Firenze hummed a soft tune, walking up to him. He might have been tall, but Dorin put him to shame. In every way; it was hard to tell him against rock around, a mountain in his own right. His shoulders, alone, seemed to be made of boulders, his arms and legs thick stalactites, coming from a trunk of a body, all a rich bronze. No hair dared touch that perfect surface, the top of his head gleaming in the torch light, while his blue eyes glistened, tearing away the dusk that surrounded.
Dorin righted himself, groaning as his back popping, another storm. It settled as he rested his pickaxe across his shoulders, tunring and smiling at Firenze as the boy approached.

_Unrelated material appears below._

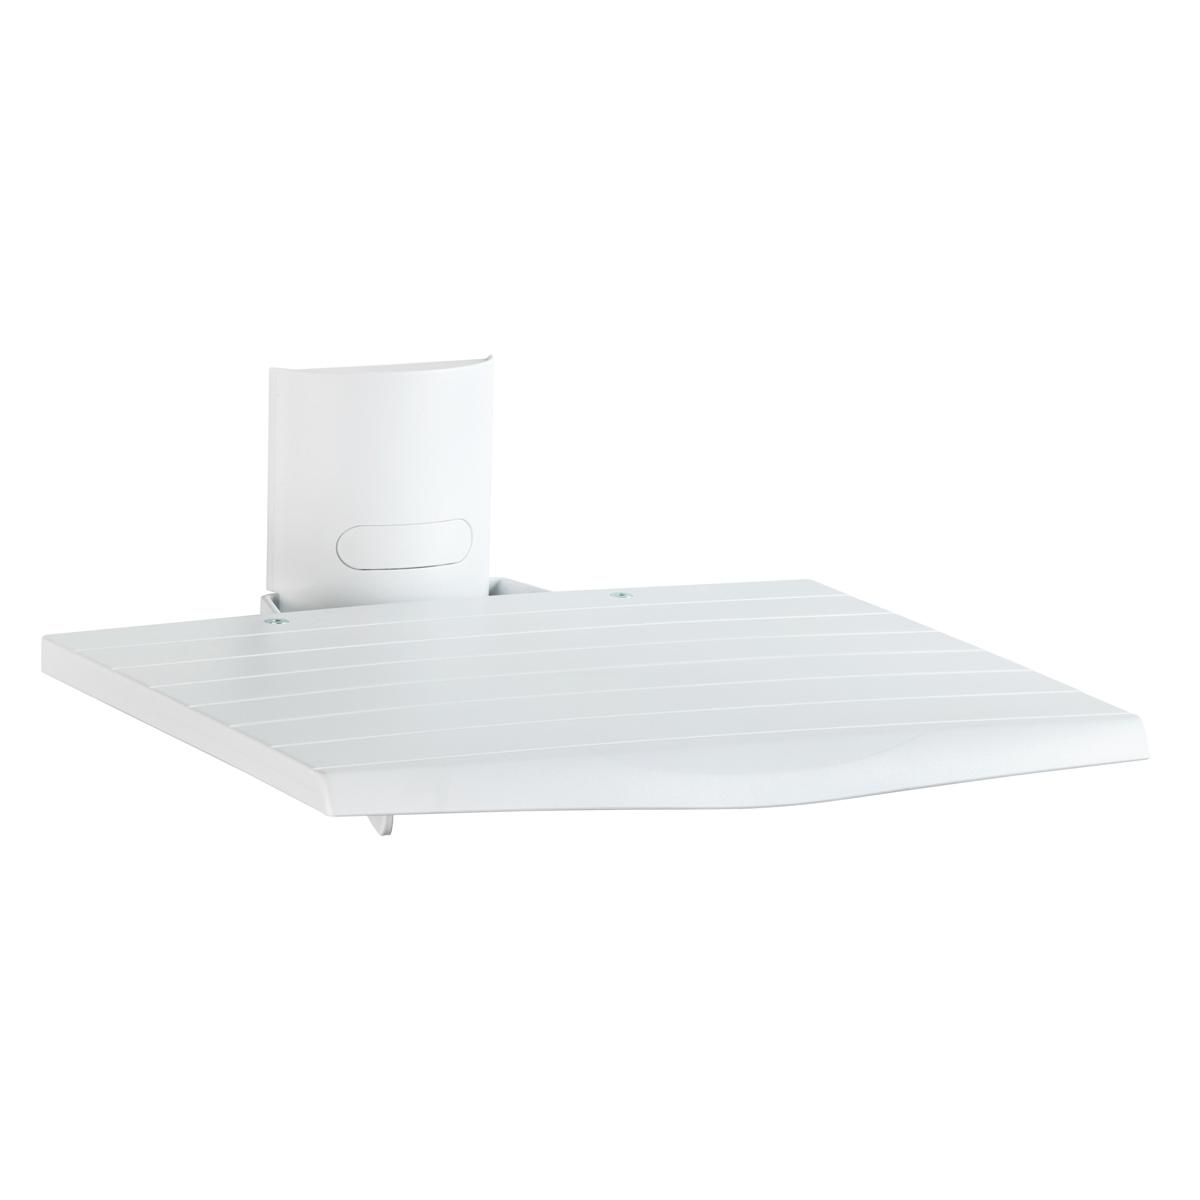 Meliconi av support blanc meuble tv meliconi sur - Support tv mural blanc ...

“Finally awake,” He said, his voice far too soft for such a giant of a man. Firenze had a deeper voice, at least, but he could only dream of matching the power behind it, the authority, the respect- the attention it demanded. “Naomi wasn’t too pleased.”
“She talked to you, huh?”
“At the break of dawn... She ‘apologized’ on your behalf and offered breakfast. I declined, but enjoyed the company all the same. She always had the gift of gab... Alas, I had to get to work, so I asked her not to be too harsh on you. You’ve been working hard every single day.”
“Yeah, though not in the way she suspects... You didn’t tell her, did you?”

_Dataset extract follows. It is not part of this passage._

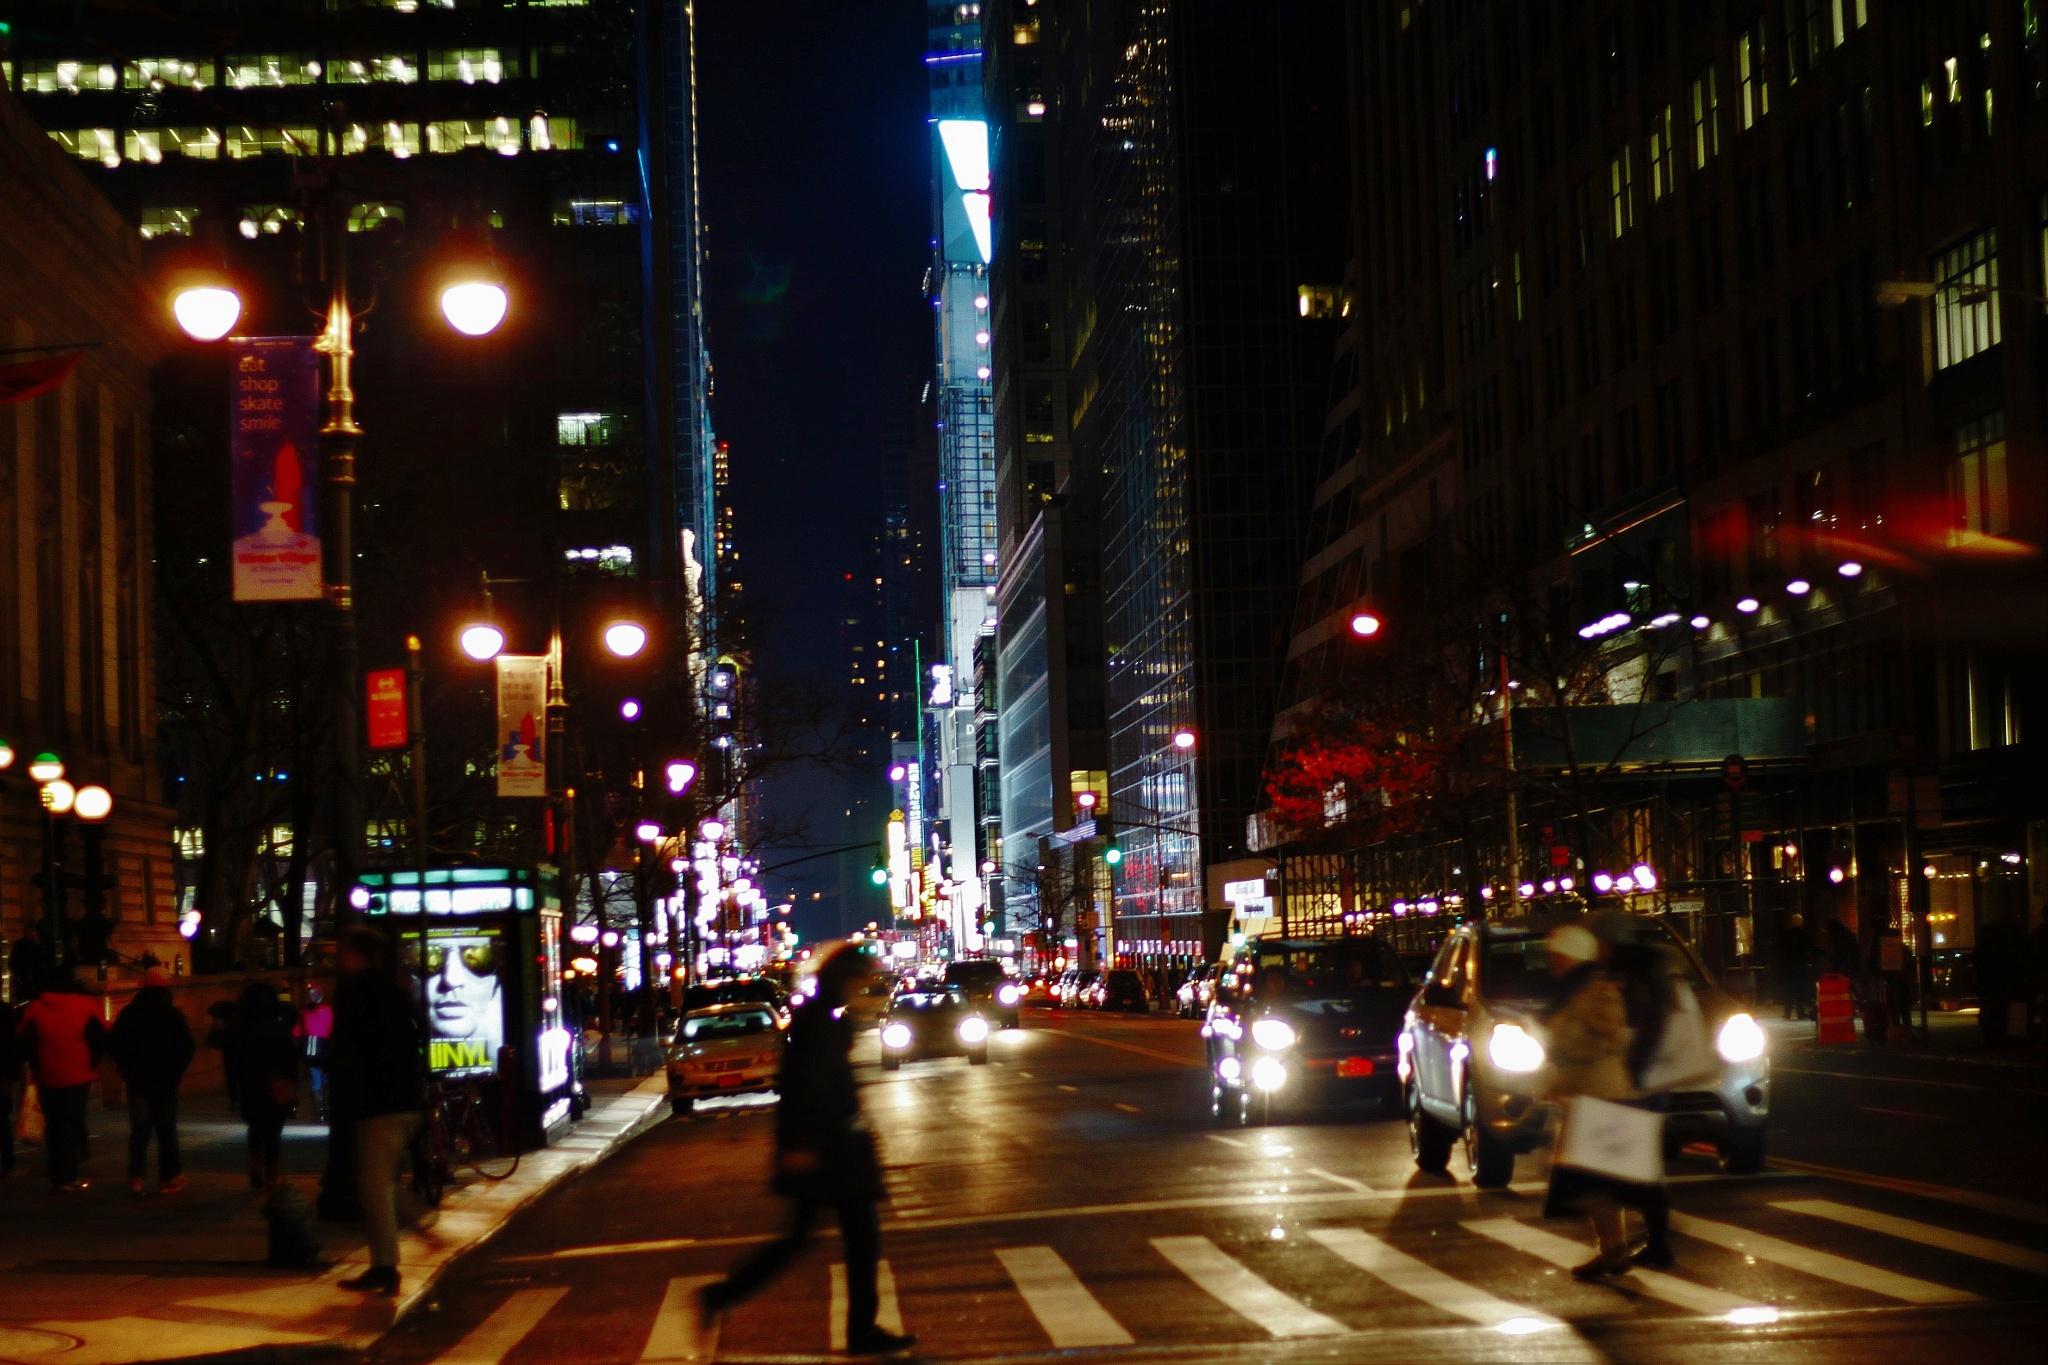 Manhattan at night, by Liborio Drogo

“No, but she’s clever. She knows something is up, and raked me over the coals. You know, in her sweet way. Really should tell her soon.”
“I am... Tonight’s the night.”
Dorin chuckled, and brought the pickaxe down from his shoulders.

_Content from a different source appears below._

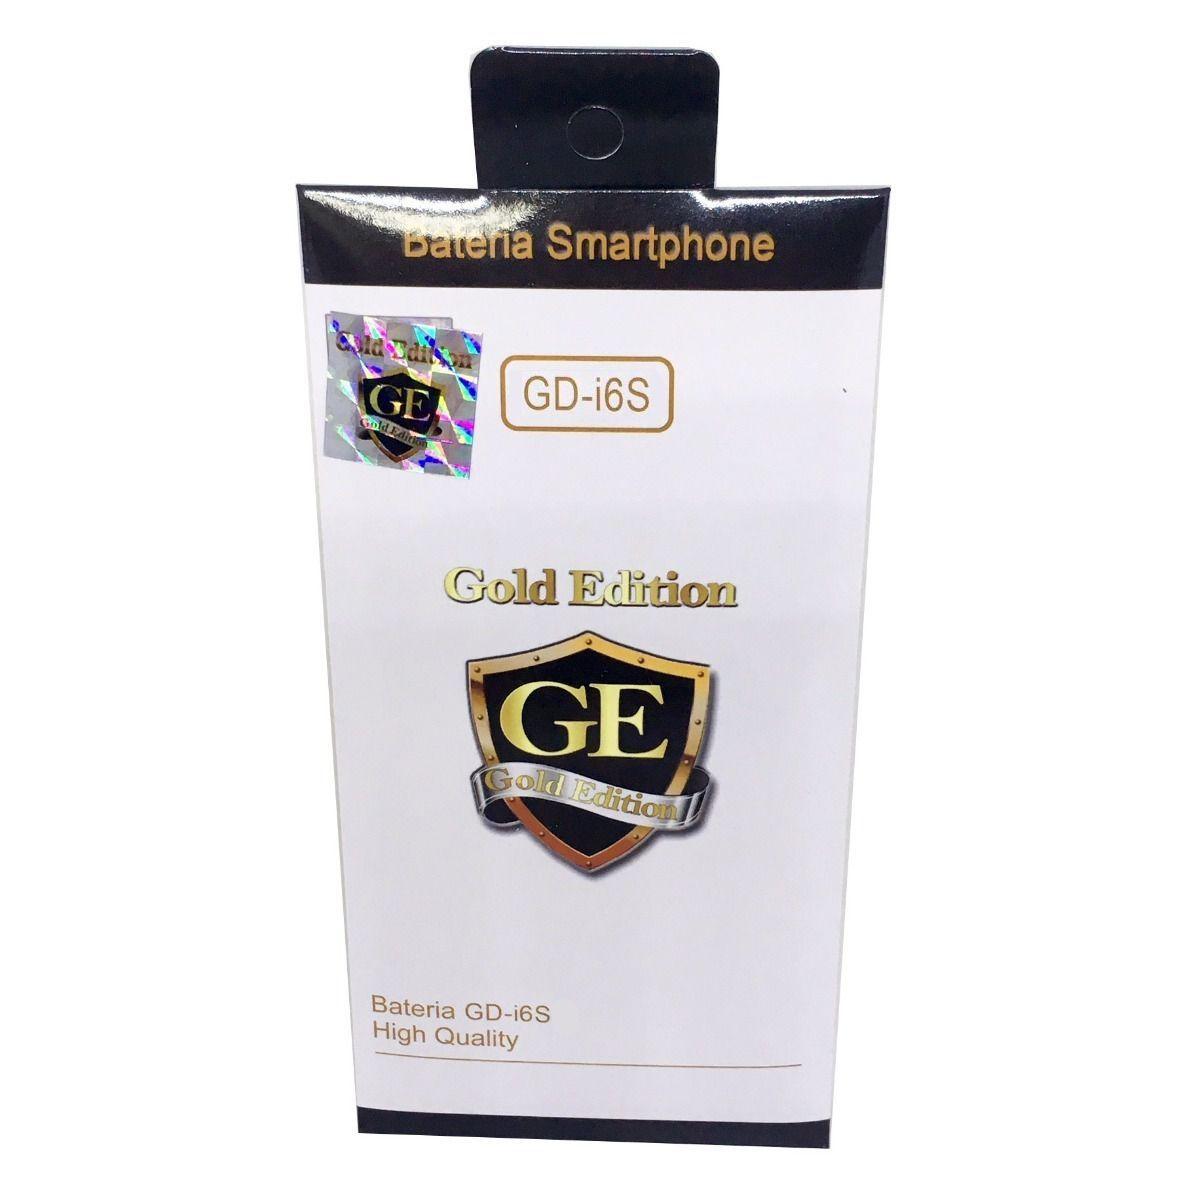 Bateria Para iPhone 6S Gold Edition GD-i6S

Holding it just under the pick’s end, instead. He gripped it with both hands, the rounded tip pointed towards Firenze, raising his own in the same fashion.
“Then we best make today your final test,” Dorin said. “If you can land a hit, I won’t be waiting at the entrance of town all night.”
“You’re on!”
And the halls rang with their sticks, clashing again and again. It was only cut by Firenze’s gasps and continued winces, knocked to the ground again and again. He would not falter, however. The last few moons, the increased sessions against the retired General Dorin; it all built up to that day. His day. No matter how battered and bruised, he would not give up. He would land that one hit. He would make it out in the world, become legend, and make his mother proud. He was going to make them all proud.
But, most important of all, he was going to make his father proud.